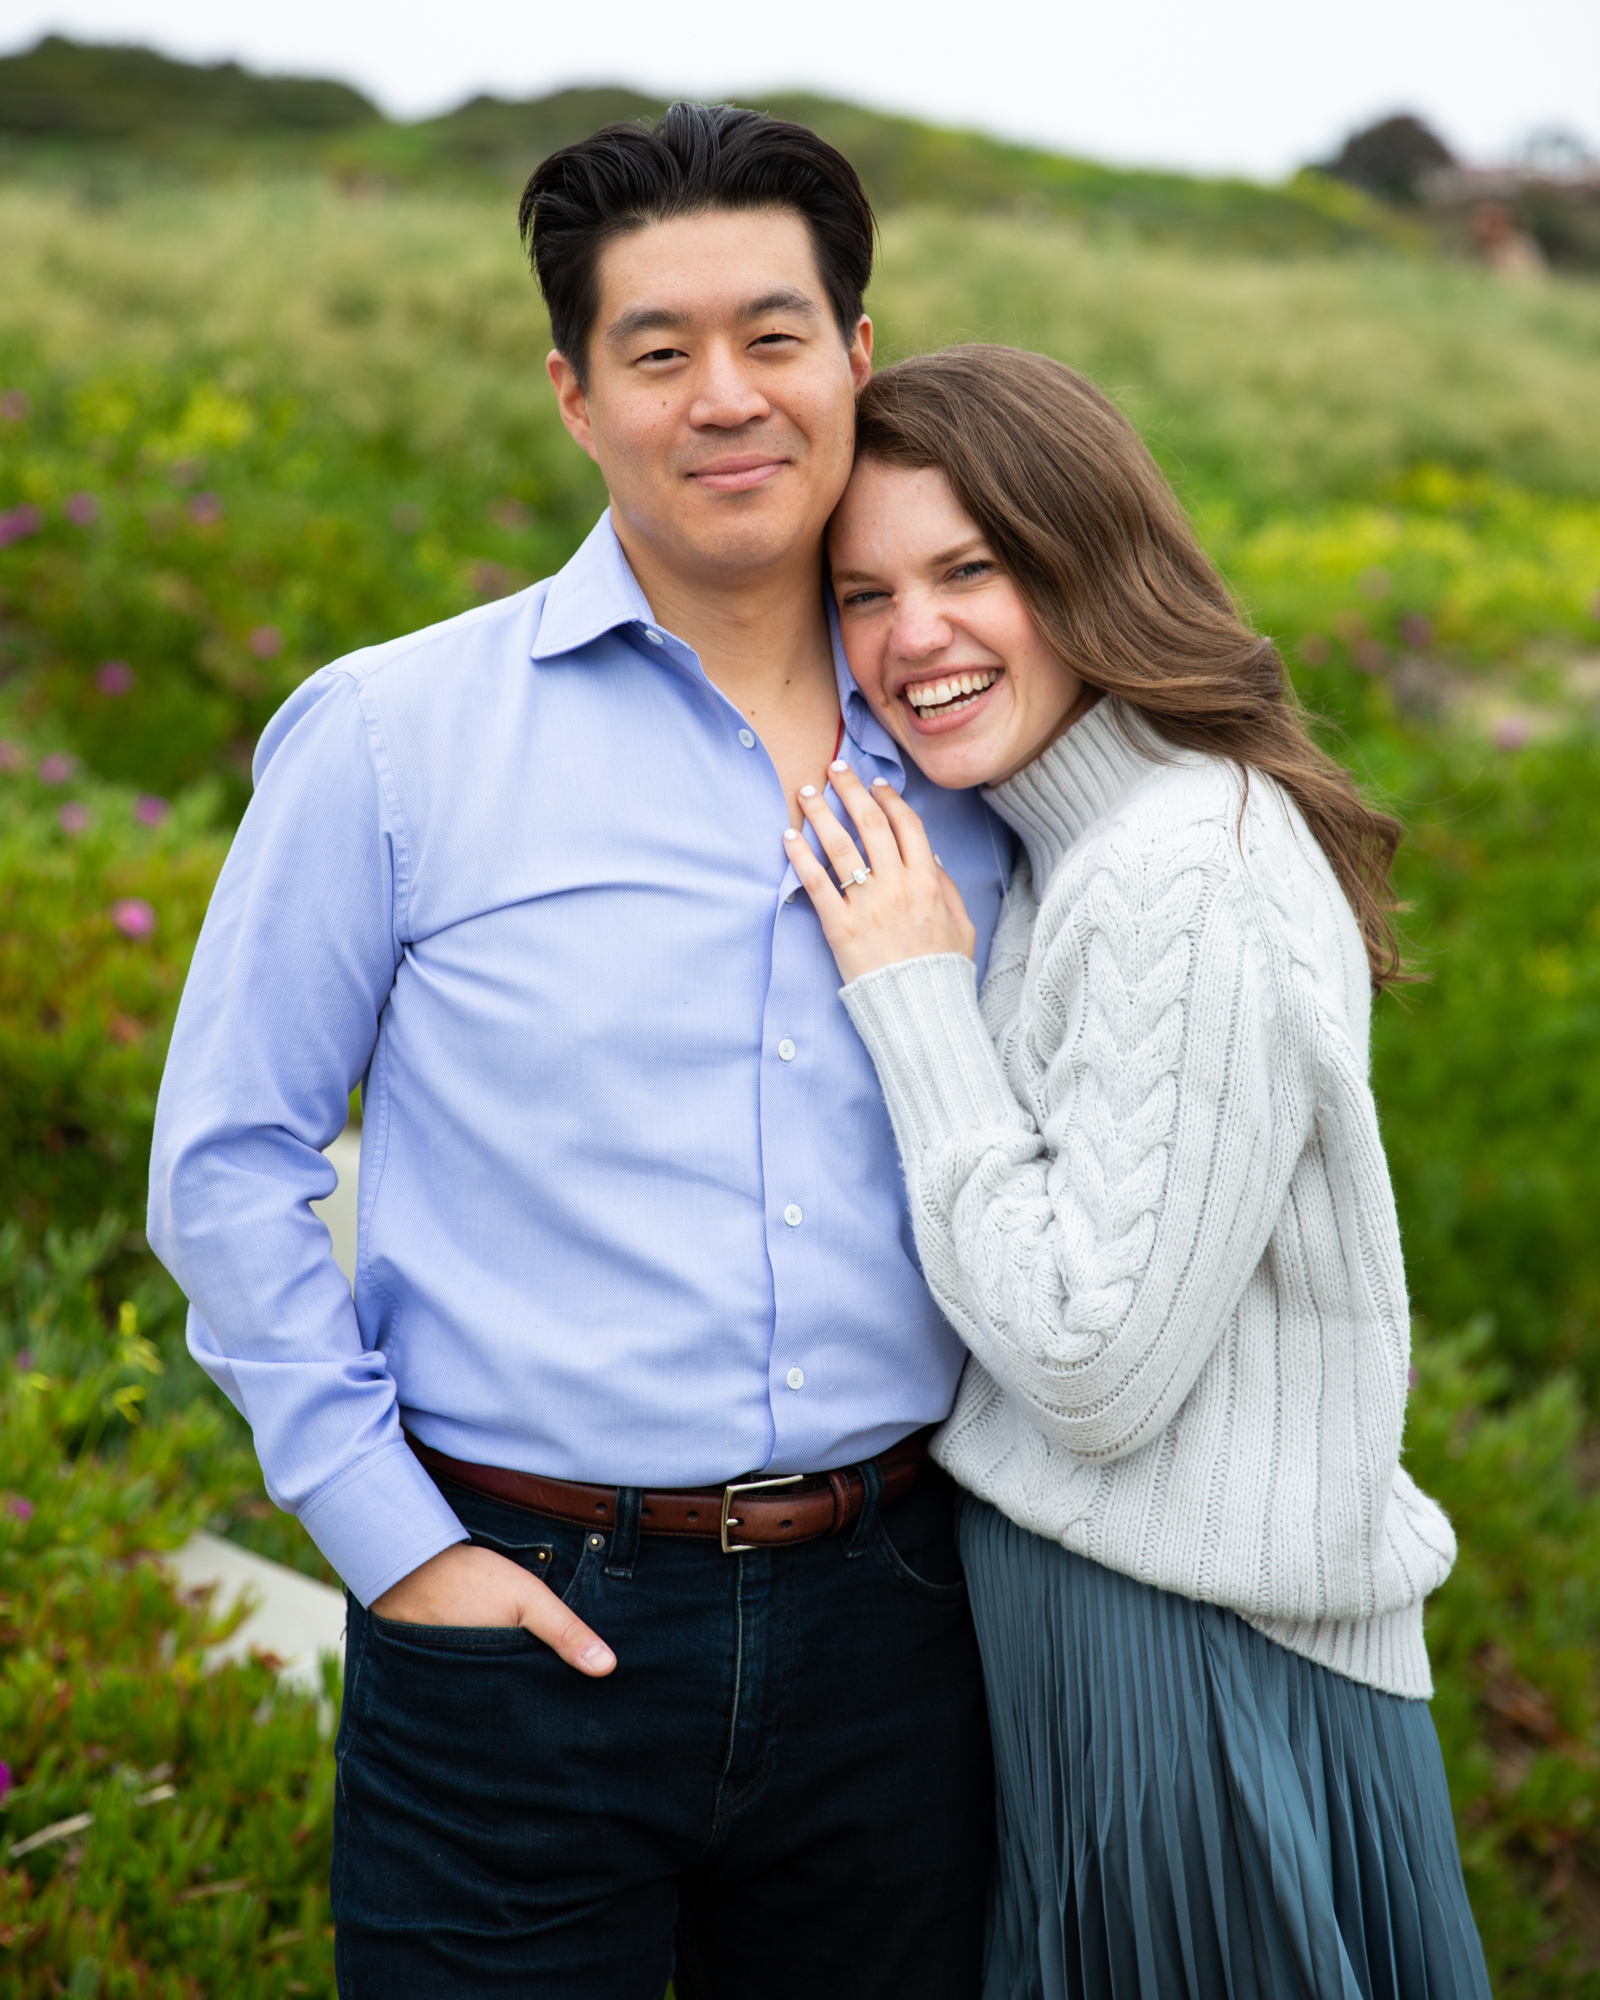 will rogers state beach engagement photography
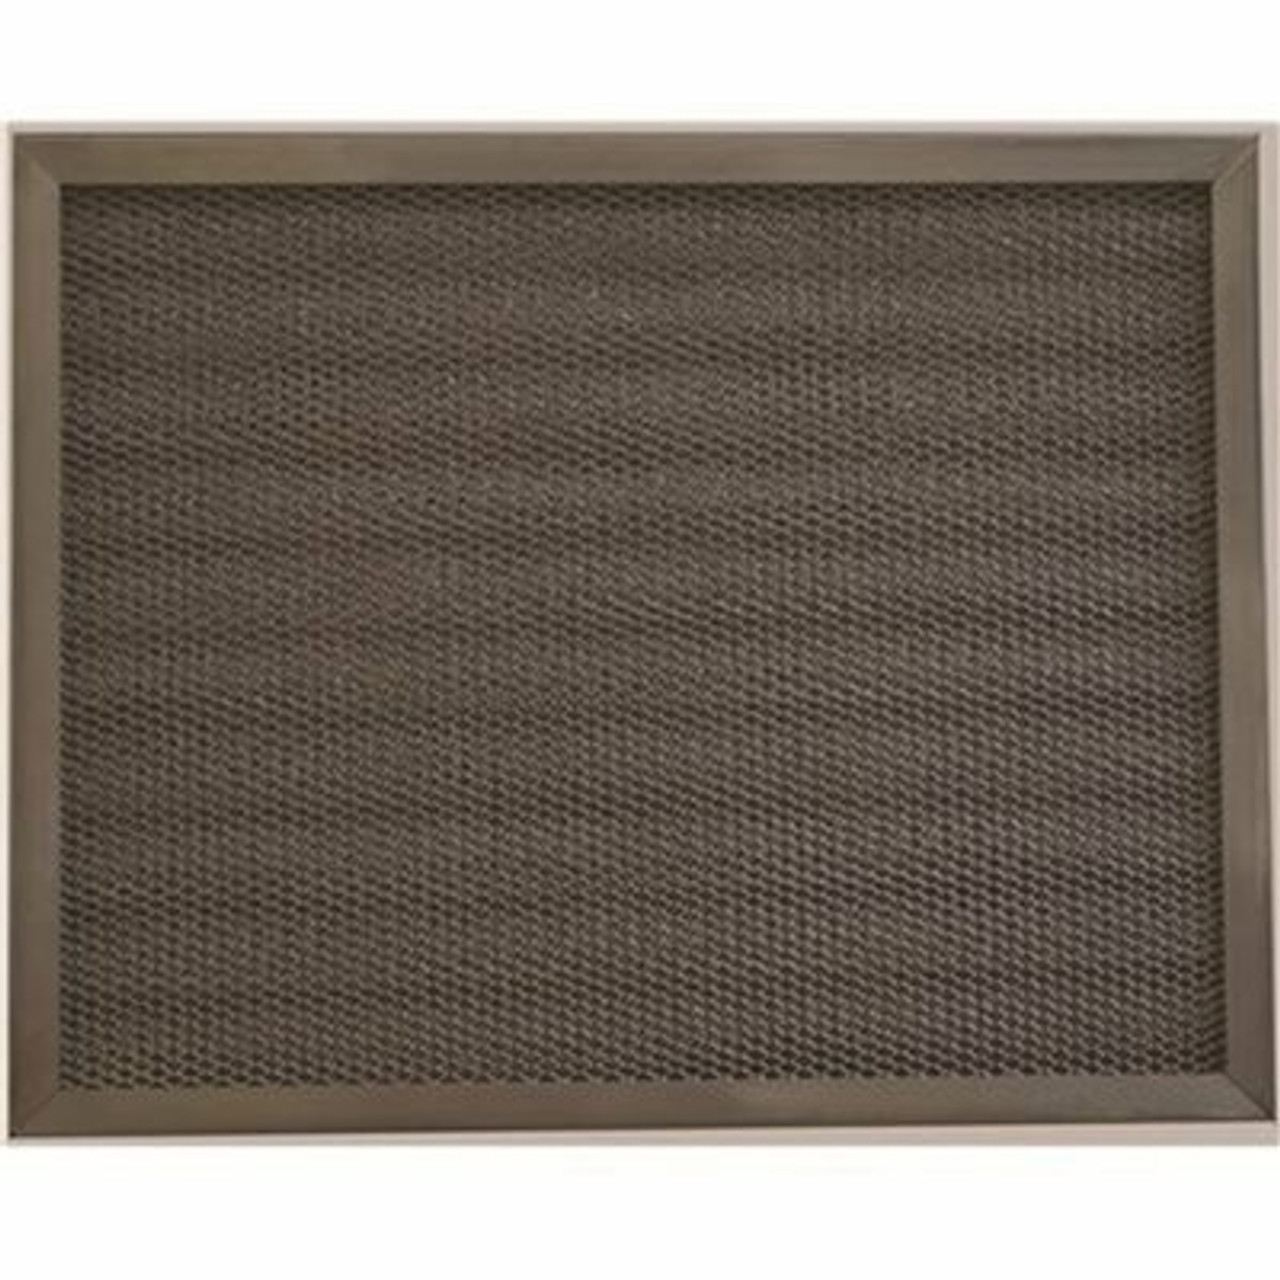 AAF Flanders 15 In. X 20 In. X 2 Washable Kkm MERV 4 Air Filter With Aluminum Frame (Case Of 6)
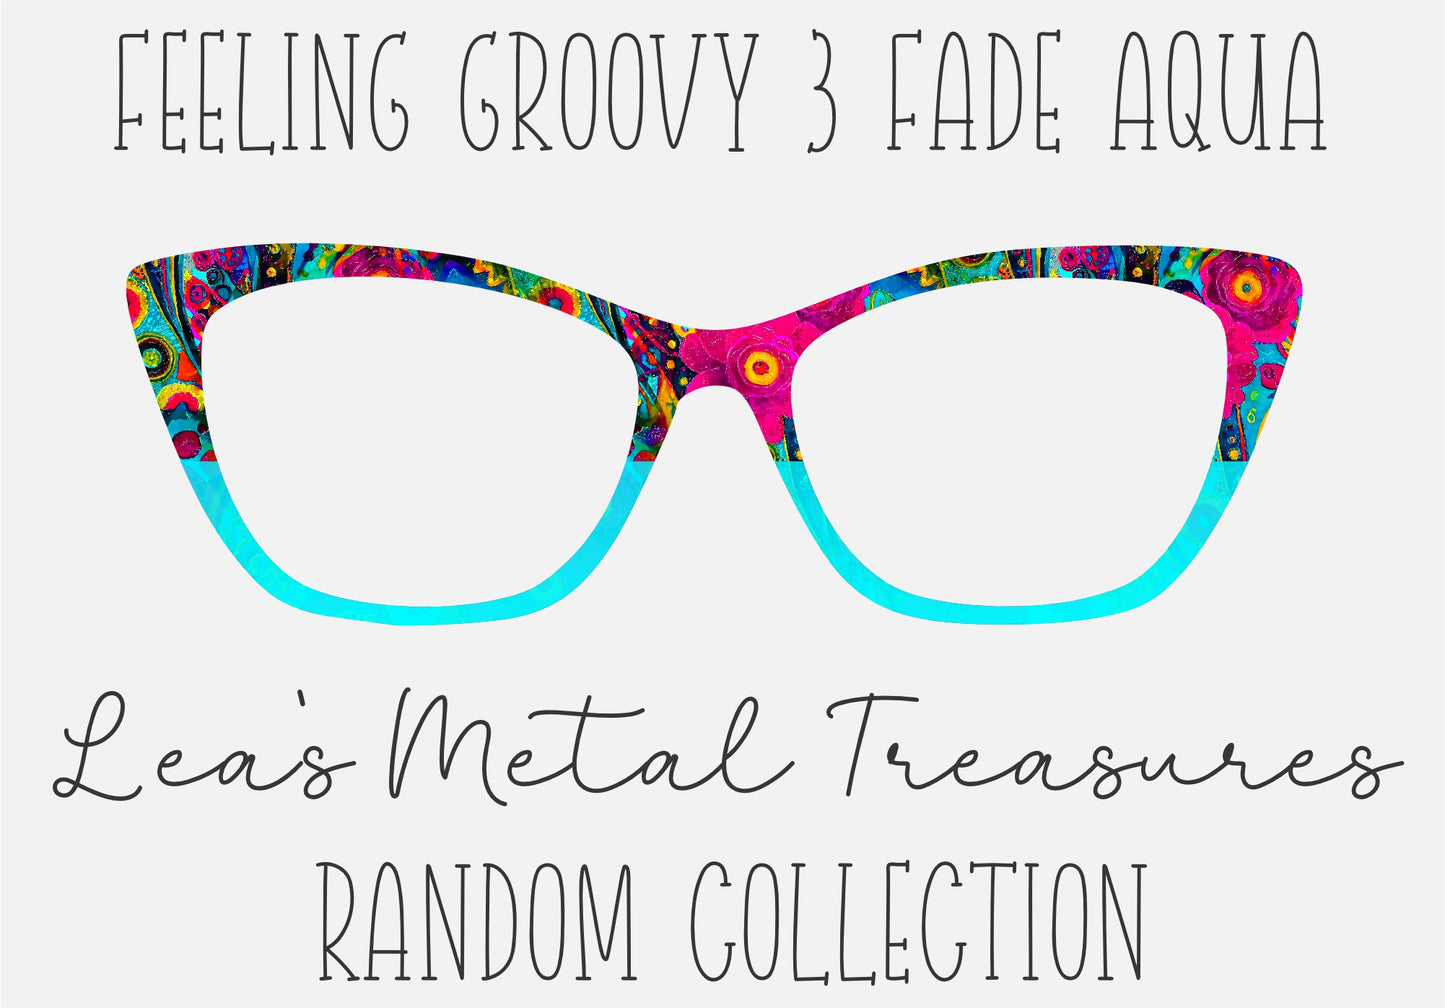 Feeling Groovy 3 fade Aqua - 00F7FD Eyewear Frame Toppers COMES WITH MAGNETS

Task instructions >> Repeat the data exactly. Pictures should not appear.

Answer box >>
 will rogers state beach engagement photography
 AAF Flanders 15 In. X 20 In. X 2 Washable Kkm MERV 4 Air Filter With Aluminum Frame (Case Of 6)
 Feeling Groovy 3 fade Aqua - 00F7FD Eyewear Frame Toppers COMES WITH MAGNETS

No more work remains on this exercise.